Councillor Glenn Locke said that if the residents had hired contractors, then the liability should fall to them and their contractors, who would have insurance for that very purpose.

Councillor Kim Carson liked the idea of adding the dates to the signs and getting a second legal opinion from Russell, Christie LLP.

“If we were sued, we can say this is the due diligence we have done to ensure we’re doing everything we can protecting the residents and protecting ourselves. If we get the legal opinion from [Russell, Christie LLP] maybe they will do the legal letters to be included with the tax bill to those residents that says that if you’re plowing it, it’s your legal liability and we’re not responsible. Or you’re not legally allowed to plow it otherwise,” she says.

However, the council emphasized that they would be getting legal advice from Musgrove and Russell, Christie LLP to make sure that their liability questions were answered fully.

Stefanski then brought up a few further items for Rowley to look into. One was the no parking signs on the south side of Steenburg Lake Road, from the beach to the Bell Canada transformer, that had been removed.

“A couple of years ago, those signs had to be installed because a constituent came around the corner and almost had a head on collision, because some of those cars, the shoulder is not wide enough and some of them parked on the live lane and that creates a problem,” he says.

Stefanski double checked with Rowley that the Lincoln Electric Rally of the Tall Pines event on Nov. 19 and Nov. 20 had not caused any damage to the roads they had raced on.
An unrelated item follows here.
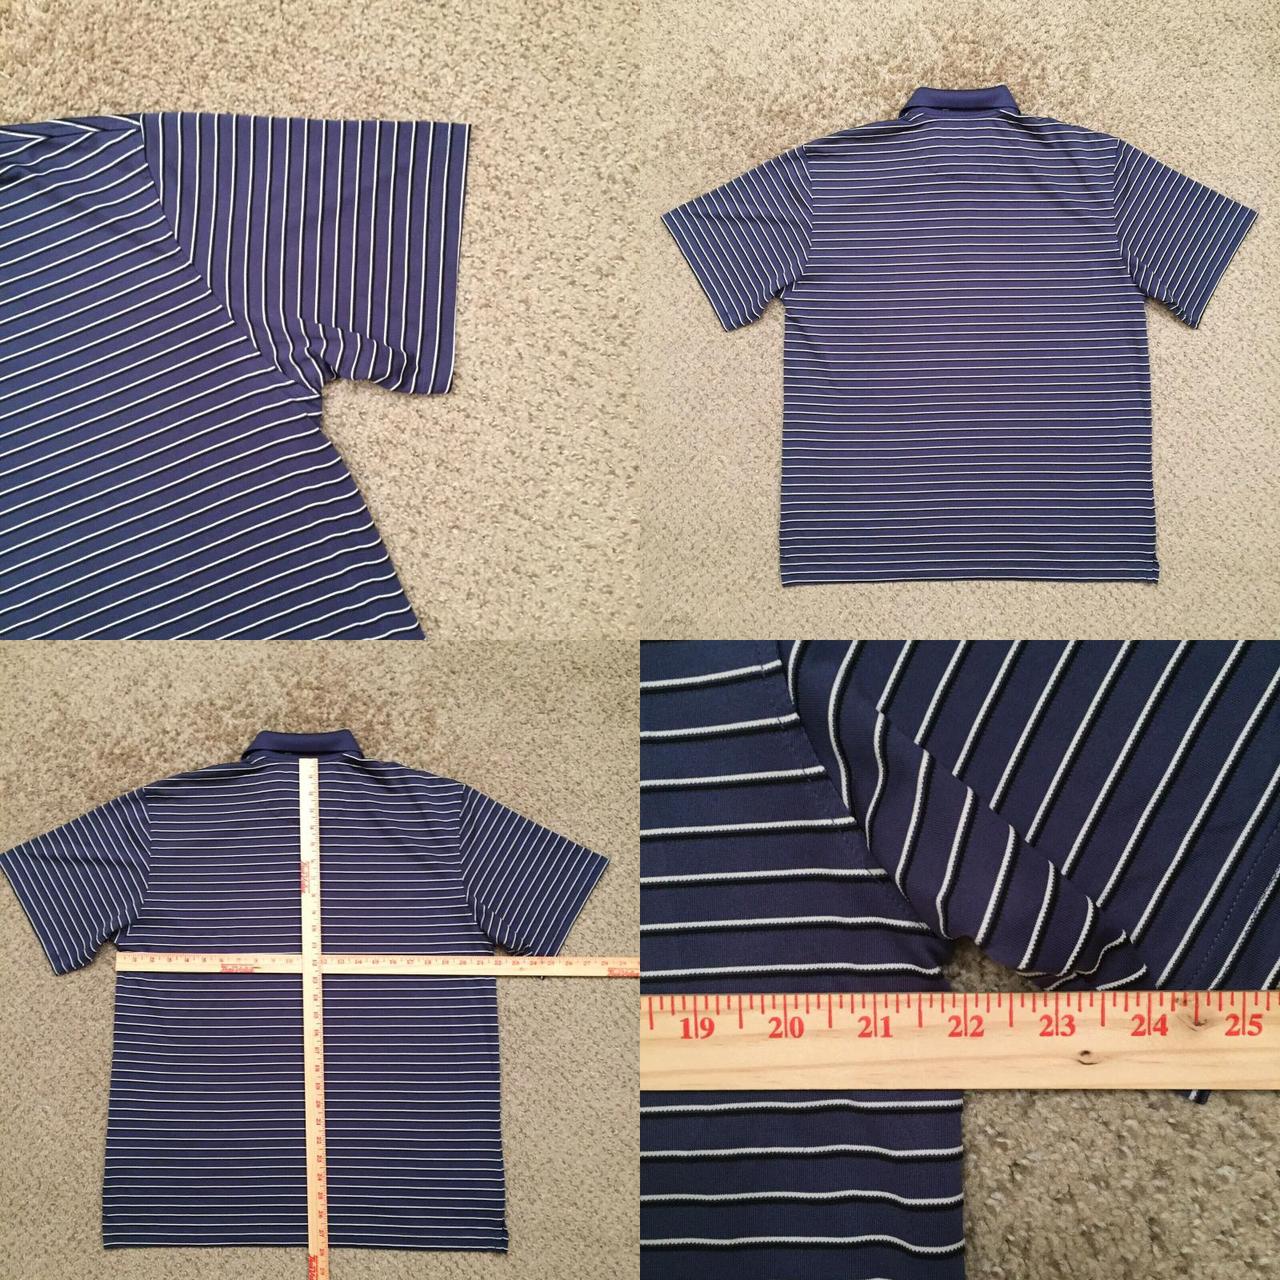 Product Image 4 - Arrow Mens Medium Blue/White/Black Striped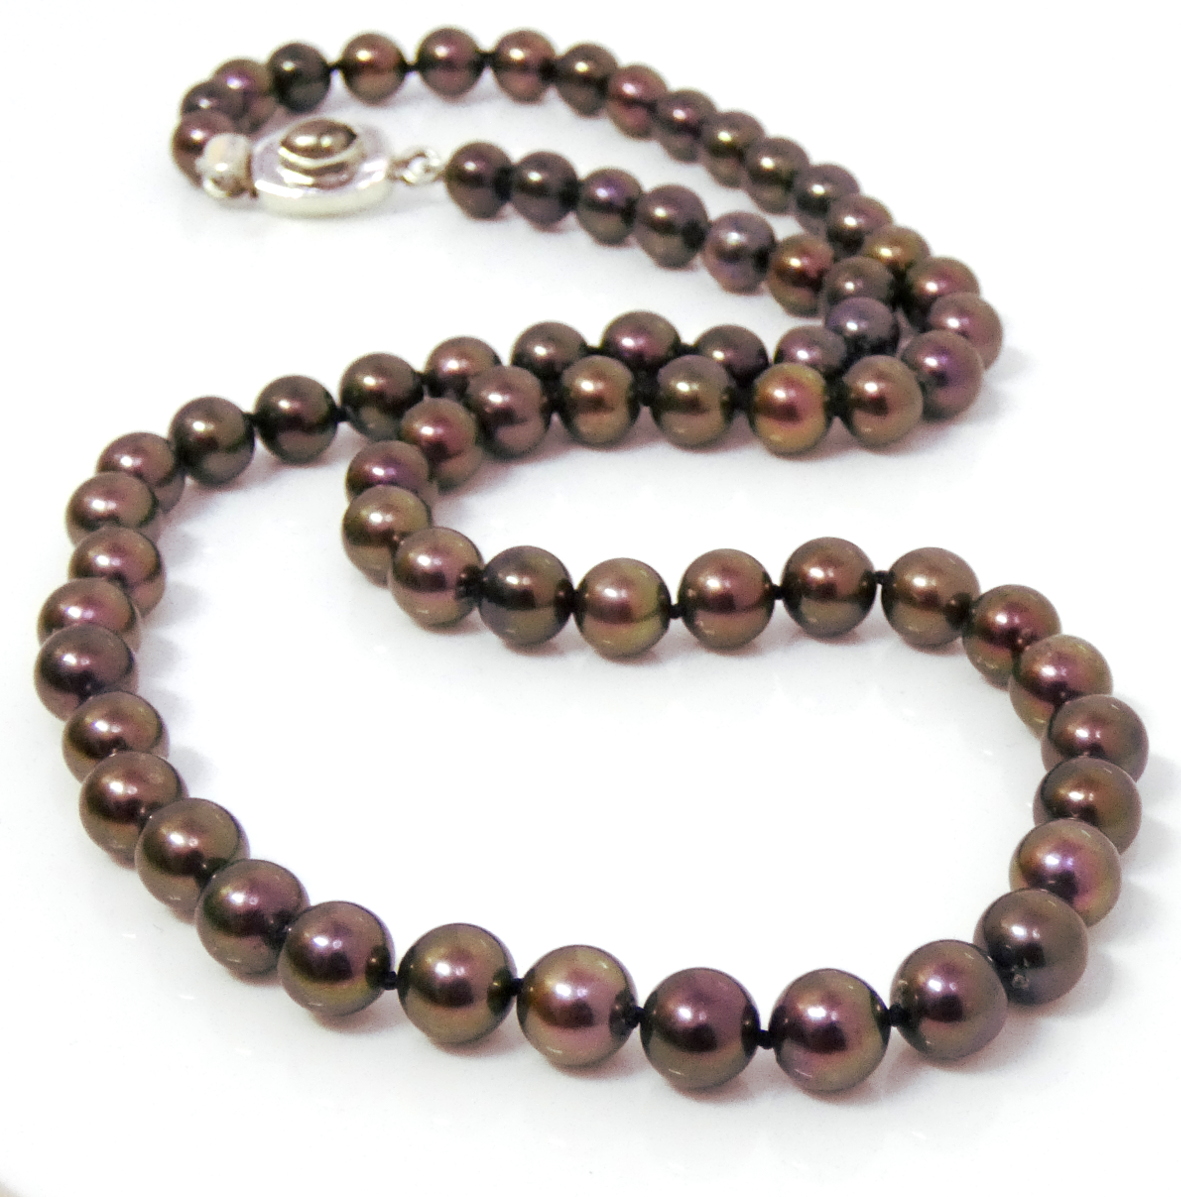 Black/Brown/Aubergine Akoya Pearls Necklace

Rowley confirmed that they had not.

Stefanski brought up the Ontario Good Roads Association conference in Toronto that was coming up from Feb. 27 to March 2. It is an event where participants can hear from industry leaders on topics of importance to the province’s municipal transportation and infrastructure sector. He spoke to Rowley about possibly attending it. After some discussion with the rest of council, they decided that in their personal opinion, the event was of dubious merit, and that attending a similar event in Barrie or Ottawa might be more worthwhile.

There was also a request from the Steenburg Lake Community Association, according to Stefanski, who asked that the shoulder of the road from the beach to Trudy’s Place be filled in with snow and compacted so that snowmobilers would be able to access Trudy’s. Stefanski told Rowley and the council that what came to mind with this request was Joint and Several Liability for the township. According to the Ontario Trial Lawyers Association website, Joint and Several Liability is when a victim is harmed through the fault or neglect of several perpetrators, the victim can collect his or her damages from one or all of them. If one of the perpetrators is 50 per cent responsible, meaning his or her several liability is 50 per cent, but cannot pay the damages, the victim can collect all the damages owed from the other perpetrators, who are jointly liable for the loss.

Rowley agreed with Stefanski’s assessment.

“I know one of the roads I used to plow up there [in the Municipality of Highlands East], the McGillvary Road, they had groomers come along and pack the side of the road with snow. There were several cars that would come around the corner, thinking it was the road and they’d get stuck. We ended up saying no you can no longer do that for that reason. It was just accidents after accidents,” he says.

Stefanski said that he’d reached out to a representative from the Steenburg Lake Community Association to attend the council meeting to provide input or if they had any concerns, but they did not appear to be present.

With Stefanski having no more points to bring up, and council not having any further questions on Rowley’s report, they voted to accept the public works report and proceeded on to other matters.